The formalized aliasing approach of the present invention thus overcomes the ad hoc aliasing approach of the prior art which oftentimes generated less than satisfactory speech synthesis sound output. Further, storing 1800 different diphone samples can consume a considerable amount of memory (approximately 3 megabytes). In memory limited situations, it may not be feasible or desirable to store all of the needed diphones. Therefore, the formalized aliasing approach of the present invention can also be used to lessen storage requirements for speech sound samples by only storing as many sound samples as memory capacity can support and utilizing the structured aliasing approach of the present invention to provide the needed sounds which are not stored.
Further, the uses of synthetic speech range from simple sound output to animation and `intelligent` assistants which appear on a display device to instruct the user or to tell the user about some event. In order to make the animation seem life-like, the sound output and the facial movements must be synchronized. Prior art techniques for creating synchronized lip animation so that facial images appear to `speak,` i.e. articulate their lips, tongue and teeth, in synchrony with a recorded sound track has been to use a limited set of `visemes.` A viseme is a minimal contrastive unit of visible articulation of speech sounds, i.e. a distinctive, isolated, and stationary articulatory position typically associated with a specific phone. Of course, for certain visemes, tongue and teeth image position is also relevant. An example set of visemes, along with a line drawing highlighting the most salient features of each, can be seen in FIG. 3.

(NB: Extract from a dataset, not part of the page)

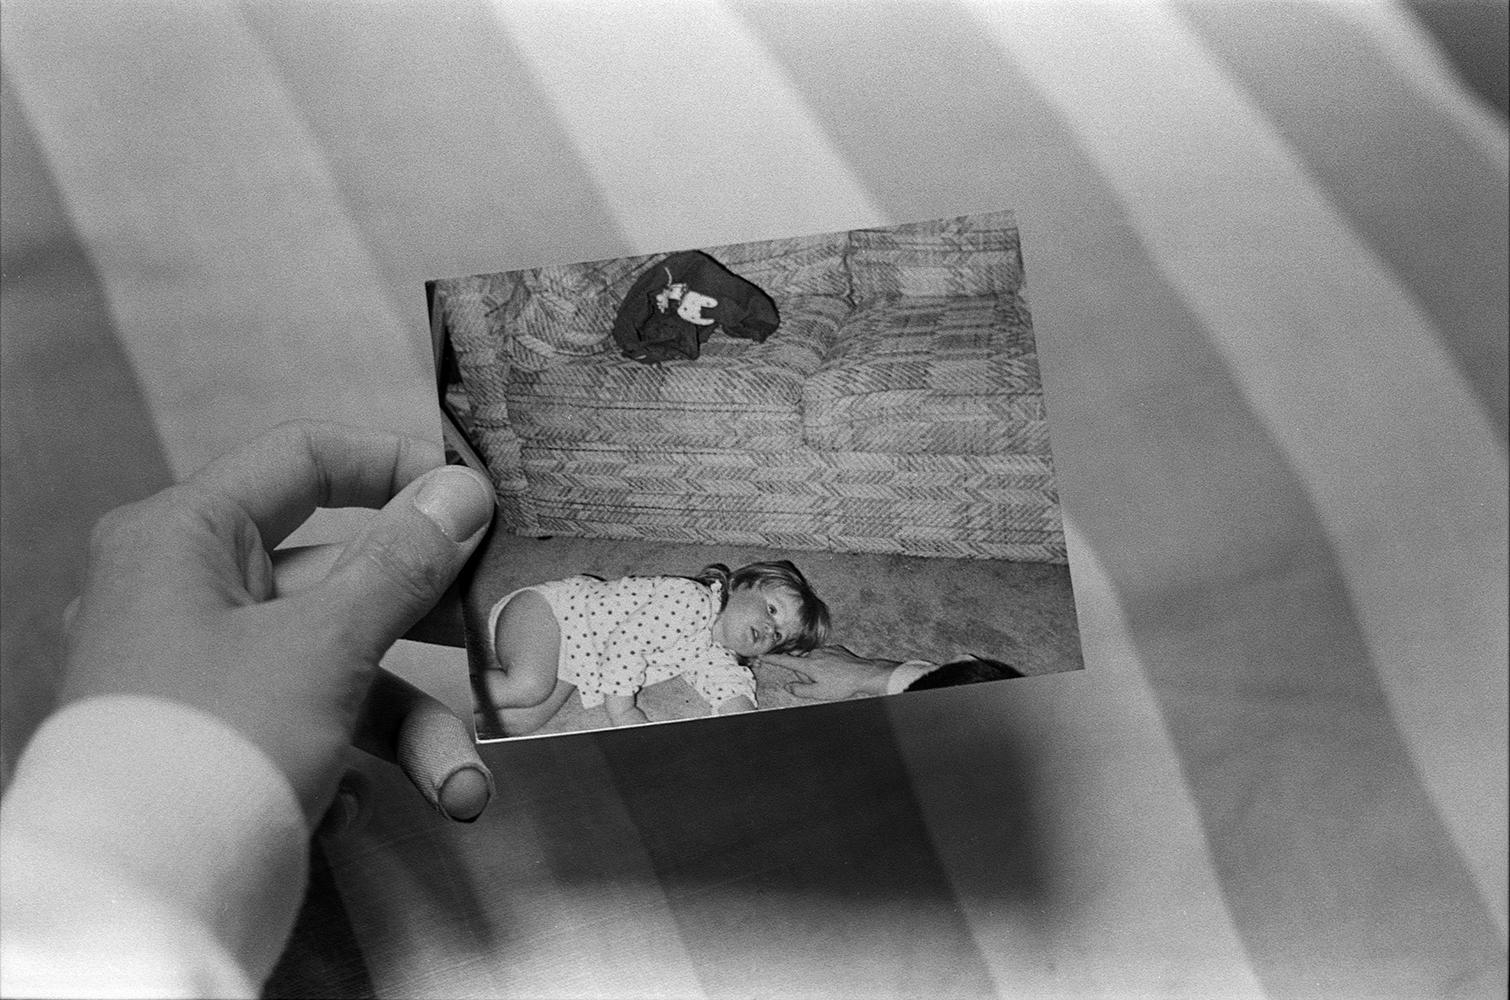 Katie // 35mm photograph, 2019

In the prior art, when using visemes in conjunction with General American English, the number of visemes typically ranged from 9 to 32. This is in contrast to the approximately 40 (or 50, as explained herein) basic units of contrastive sounds, or phones, used in General American English. Phones (or phonemes) are the units in the speech domain which may be thought to parallel visemes in the visual domain, because both are minimal contrastive units, and both represent distinctive, isolated units in a theoretical set.
Further, in the prior art, in order to synchronize the phones to the visemes in a synthetic speech system, a mapping was made between the sound being generated and the image being displayed. This was done by mapping one viseme to each of the 40 or 50 phones and then, as the sound transitioned between phones the displayed image transitioned between the associated visemes.
However, as has already been explained herein, phones have not been found to be the best approach in producing high-quality synthesized speech from concatenative units. This is, again, due to the unacceptably choppy speech caused by trying to recombine phones at the areas of most sensitive acoustic information. Instead, diphones (made up of portions of phones which have been combined at their areas of relative constancy) have been used in the prior art. A similar problem results from merely trying to animate from one viseme to another viseme. The resulting image does not accurately reflect the facial imaging which occurs when a human speaker makes the same vocal or sound transition. Thus, what is needed is a mapping between synthetic speech and facial imaging which more accurately reflects the speech transitional movements for a realistic speaker image.
SUMMARY AND OBJECTS OF THE INVENTION
It is an object of the present invention to provide a formalized approach to aliasing of phonetic symbols.
It is a further object of the present invention to provide a formalized approach to aliasing of phonetic symbols thus allowing a voice table with missing phonetic symbols to provide synthetic speech in an aesthetically pleasing manner.
It is a still further object of the present invention to provide a reduced size voice table with a formalized approach to aliasing of phonetic symbols.
It is an even further object of the present invention to provide synthetic speech synchronized with facial animation.
It is still an even further object of the present invention to provide synthetic speech synchronized with facial animation such that the relationship between the synthetic speech and the facial animation accurately reflects the speech transitional movements for a realistic speaker image.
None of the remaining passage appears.